EFX Allocations on Some Multi-graph Classes

TL;DR

This paper extends the existence of EFX allocations from simple graphs to multi-graphs, providing polynomial-time algorithms for certain classes with cancellable valuations, advancing fair division theory.

Contribution

It proves the existence and computability of EFX allocations in multi-graphs for specific classes, generalizing previous results from simple graphs.

Findings

EFX allocations exist in bipartite multi-graphs

EFX allocations exist in multi-trees with monotone valuations

EFX allocations exist in multi-graphs with certain girth conditions

Abstract

The existence of EFX allocations is one of the most significant open questions in fair division. Recent work by Christodolou, Fiat, Koutsoupias, and Sgouritsa ("Fair allocation in graphs", EC 2023) establishes the existence of EFX allocations for graphical valuations, when agents are vertices in a graph, items are edges, and each item has zero value for all agents other than those at its end-points.

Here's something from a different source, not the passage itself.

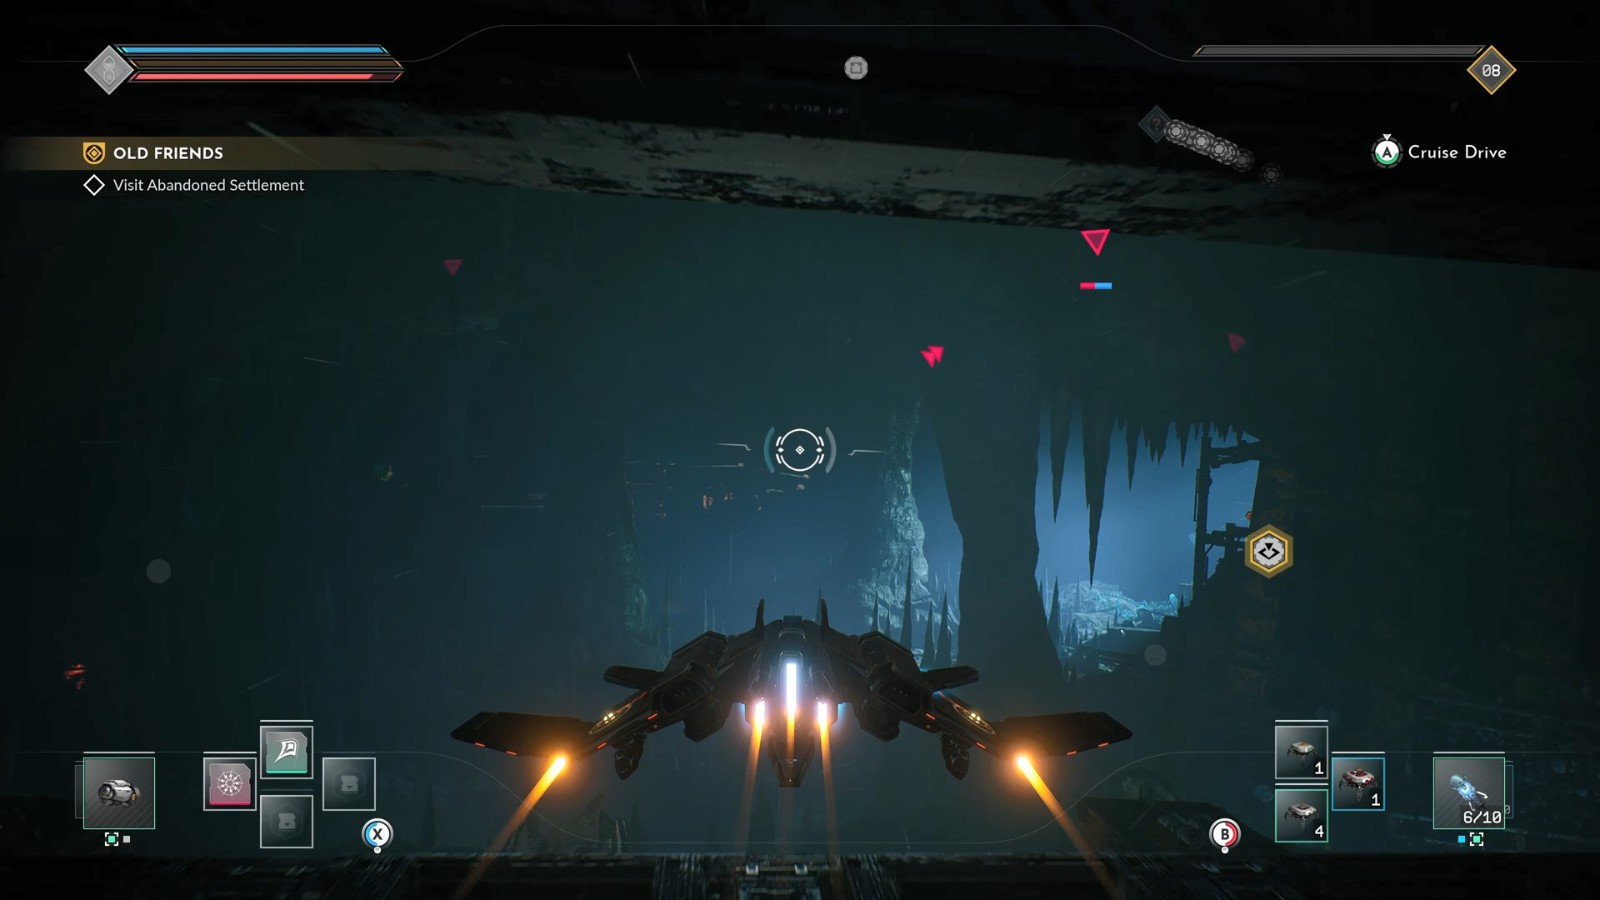 太空射击游戏《永恒空间2》宣布8月15日登陆主机平台 支持60帧

Thus in this setting, each good has non-zero value for at most two agents, and there is at most one good valued by any pair of agents. This marks one of the few cases when an exact and complete EFX allocation is known to exist for arbitrary agents. In this work, we extend these results to multi-graphs, when each pair of vertices can have more than one edge between them. The existence of EFX allocations in multi-graphs is a natural open question given their existence in simple graphs. We show that EFX allocations exist, and can be computed in polynomial time, for agents with cancellable valuations in the following cases: (i) bipartite multi-graphs, (ii) multi-trees with monotone valuations, and (iii) multi-graphs with girth $(2t-1)$, where $t$ is the chromatic number of the multi-graph. The existence in multi-cycles follows from (i) and (iii).